A Circle of Ideologies

We tend, perhaps incorrectly, to think of ideologies as points on a line. Moderation is a point, or rather a region, near the midpoint of the line. Moving to the left we come to progressivism, liberalism, socialism, communism, anarchism, and so on. Moving to the right we come to conservatism, extreme conservatism, and so on. Someone pointed out to me many years ago that the extremes on this line tend to be very similar. I therefore posit that the line isn't a straight line but rather a circle. Moderation is a point or region on the circle. Diametrically opposite is a region of anarchism.

Both the extreme right and the extreme left in politics abhor large government. The Communists believed that if private property could be eliminated, the state would simply wither away because there would be nothing for it to do. They thought of the state as the protector of property rights, especially those of the rich. Conservatives like Grover Norquist and the late Howard Jarvis also believed in a small state that didn't do much. Ultimately their ideal was anarchy or a stateless society.

Without a state there would be no taxes to vex the rich. Whatever services were available to the public would be paid for by fees charged for service.

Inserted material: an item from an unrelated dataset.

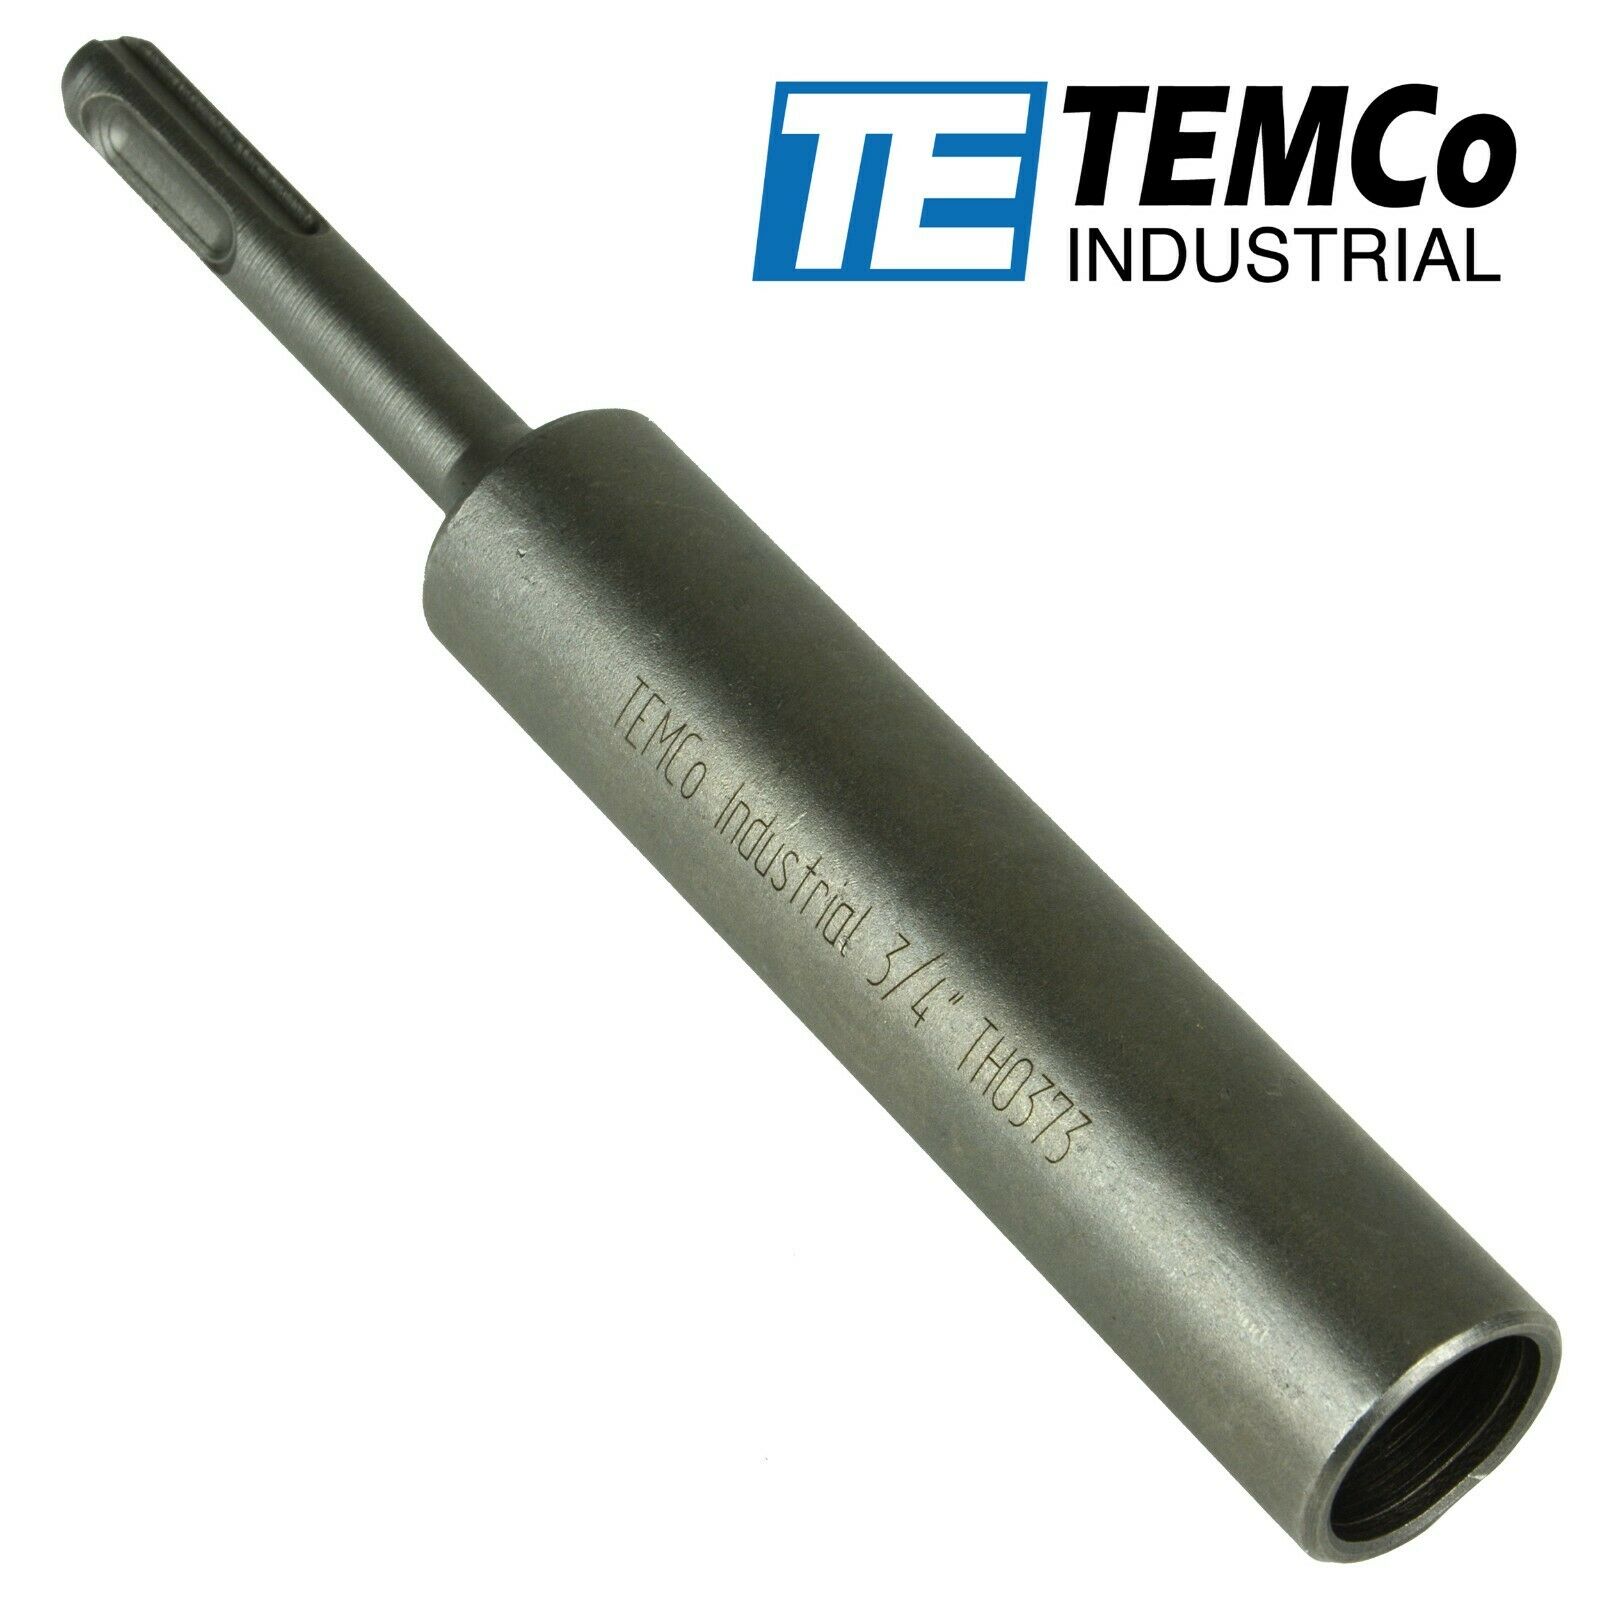 Temco Industrial - 3/4" Bore Sds Plus Ground Rod Driver

If you want to borrow a book from the library, or even go to the library to read a book or magazine, you would pay a fee. If your house was on fire, you would pay a fee to a fire brigade to put it out. If you got sick, you would pay a fee to the doctor and to the nurses that took care of you.

I don't know of any region that has functioned as a society without a government. In Somalia there is no central government and things aren't very good there. I do know of a society that existed with a weak government in which taxes were low and one had to pay fees or bribes for such services as obtaining license plates for your car. In the case of that society, inflation had wiped out much of the value of the currency. However, government officials were still paid according to the pre-inflation scale. In order to make ends meet, they had to solicit fees (bribes) from people who needed their services.

Communism was tried in Russia. It became corrupt and finally failed. It seems to me that the same fate will overtake any experiment in conservative "small government." Conservative small government lets enterpreneurs do whatever they want. It encourages originality. We have seen recently some examples of originality and absence of government supervision. It is my opinion that small government will lead to corruption, just as Communism led to corruption.